**Provided material**:
——
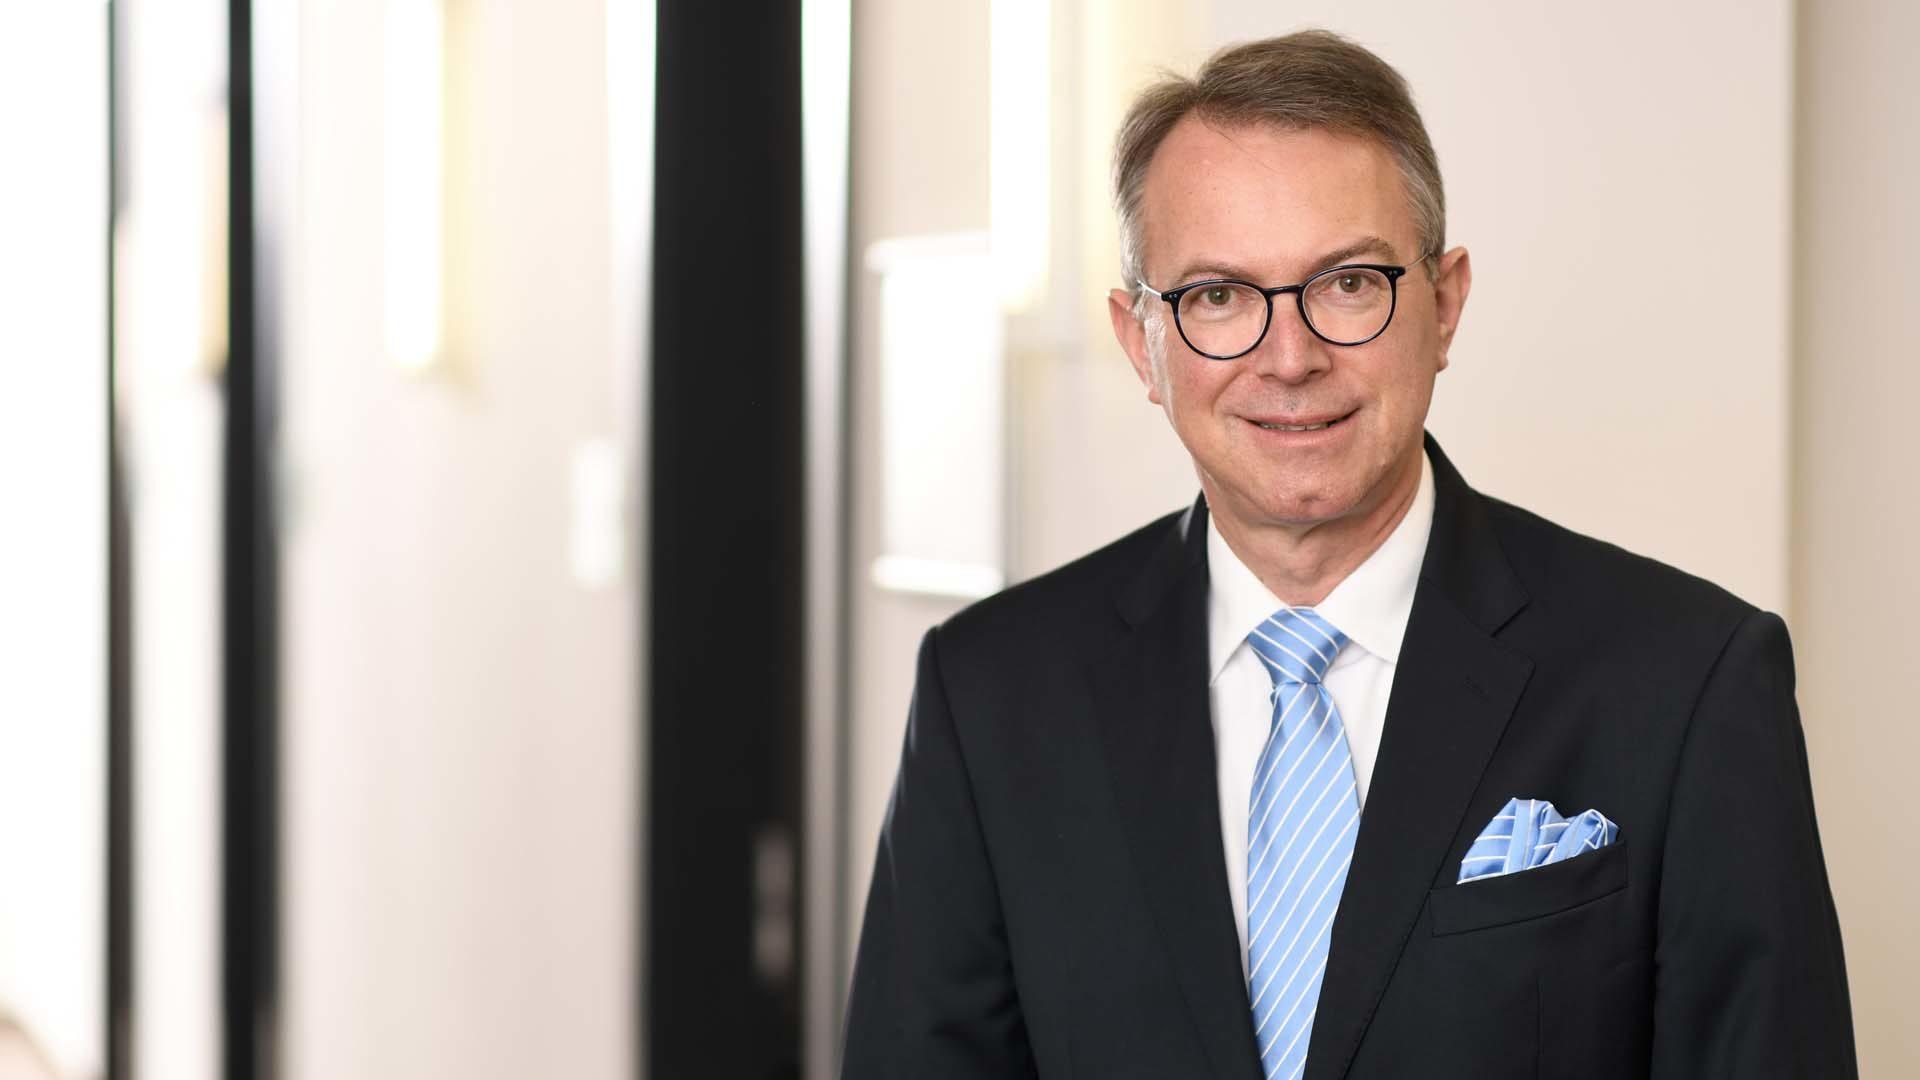 Porträt Dr. Beckmann im Flur RGT M&A, Unternehmensbewertung, Due Diligence, Vertragsgestaltung
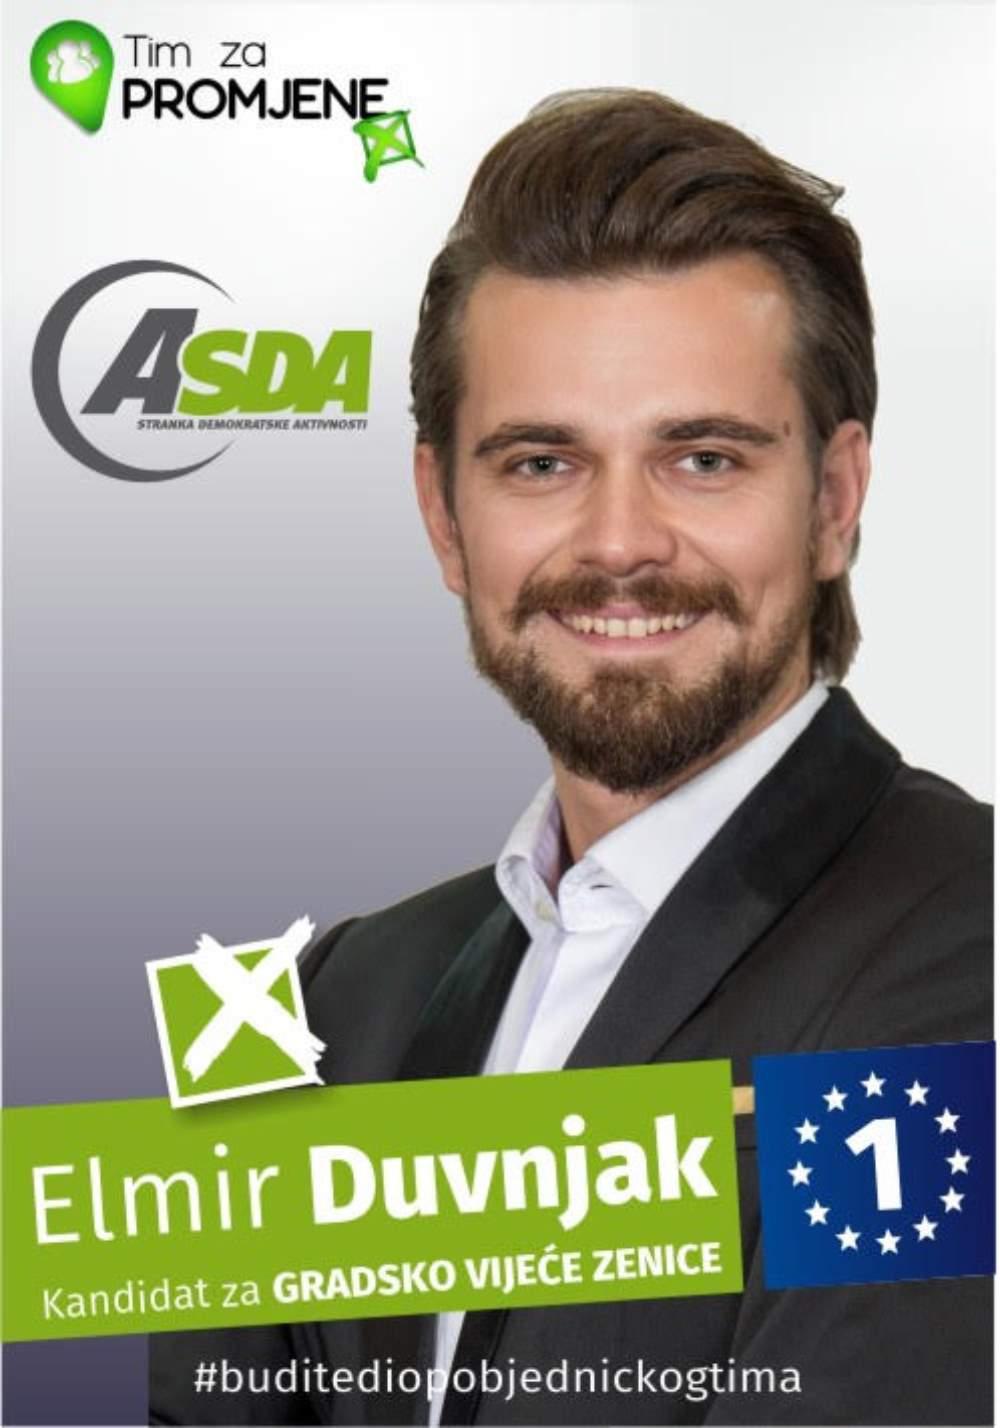 Elmir Duvnjak
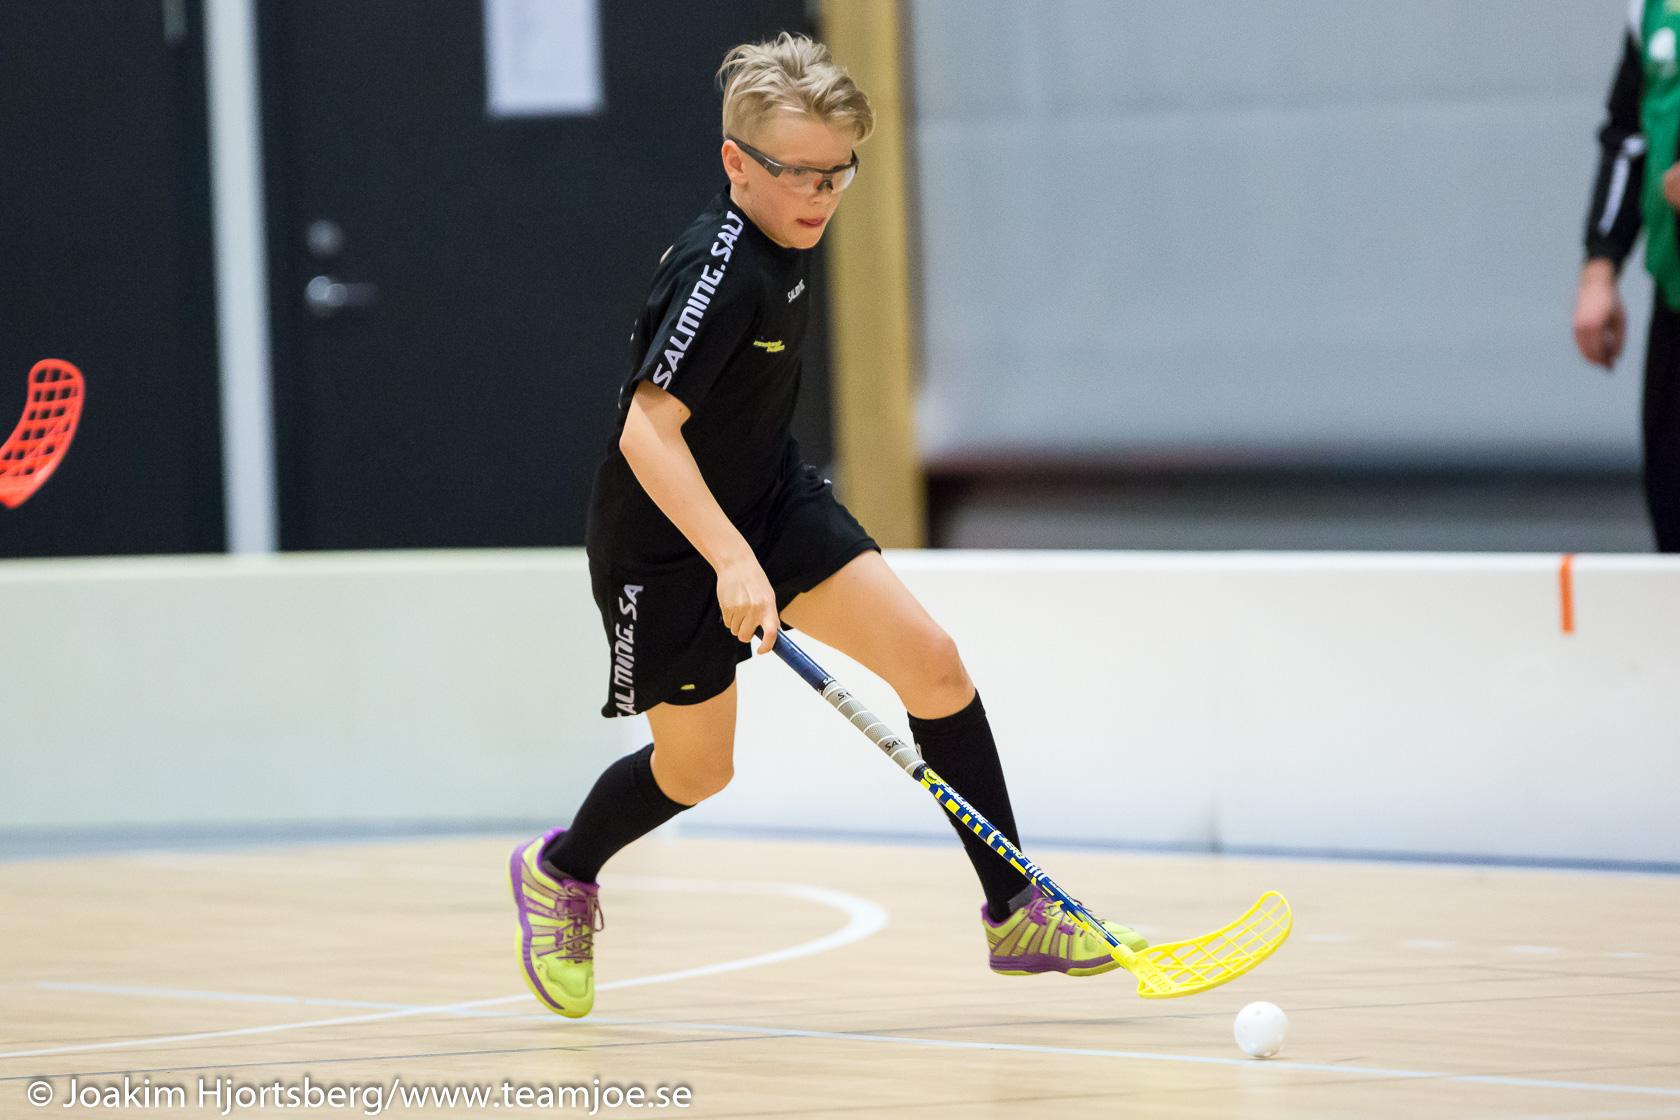 20160409_1951-8 Örebrocupen
——
**What you will do**:
With the pictures excluded, restate the material exactly as it stands.

**Response to the task**:
 Porträt Dr. Beckmann im Flur RGT M&A, Unternehmensbewertung, Due Diligence, Vertragsgestaltung
 Elmir Duvnjak
 20160409_1951-8 Örebrocupen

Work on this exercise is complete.